All staff are able to access a modified version of the patients records as appropriate, which provides

them with the relevant useful data at the point of care not just access to the patients medical

history but also information such as compliance with medication, diagnostics, test results, key events

and tracking of the patients condition over the previous 24 months. Such information is also

available to the patient, both whilst they are in inpatient surroundings and when they are at home,

and the software allows them to communicate directly with their doctor. One obvious benefit to

such a system is that patients are able to access their test results at home, another that they are

able to book appointments themselves, which reduces the number of missed appointments.

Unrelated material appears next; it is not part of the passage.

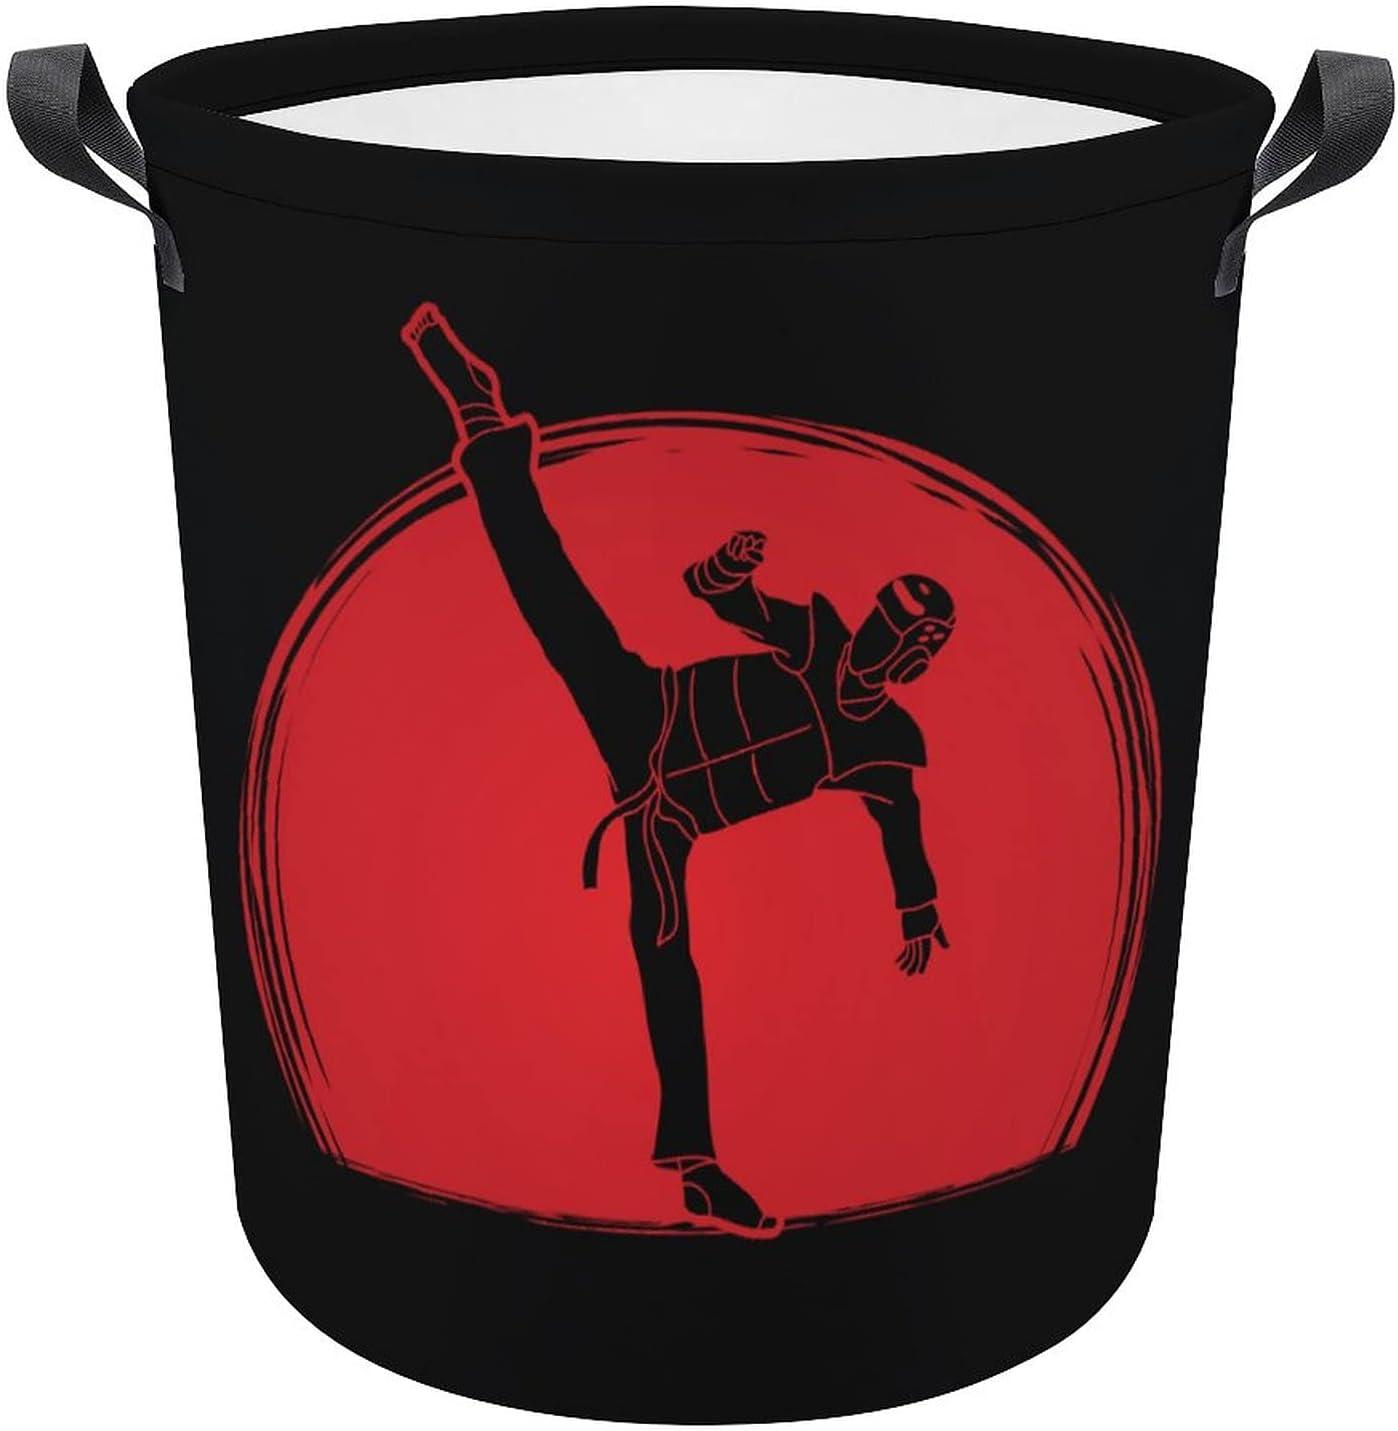 Funny Taekwondo High Kick on Hamper Oxford Gift Dealing full price reduction Large discharge sale Laundry Sunlight

Furthermore the organisation took the decision to extend its systems to community-based surgery,

allowing it to contribute to the overall health of the area.

IT and integrated care

One of the most integrated health economies in the US has been developed in Kansas City over the

past five years. Joining up care records on a one person, one record basis between 16 differentproviders offers both challenges and benefits that can be applied to the NHS in a move towards such

integrated systems. If implemented properly, everyone will benefit: providers will have access to the

information needed to offer co-ordinated care, patients will be able to contribute to their own

healthcare and the wider economy will benefit from a healthier workforce.

Among the issues that need to be resolved are establishing who owns the records (often it is seen as

a result of an interaction between patient and doctor, resulting in access rights for both) and making

intelligent use of the mass of data available to health care providers. Used wisely, however, IT

systems can use data to force through the development of a system in which better use of 

information can provide healthcare providers with the incentive to ensure that patients are treated

in the most suitable setting. Such investments are also long-term the financial benefits of 

integrated care may only materialise years into the future.

Recommendations

Integrated healthcare systems have not happened overnight: as Ham quotes in his briefing paper

the key to achieving successful change is to build momentum rather than speed139.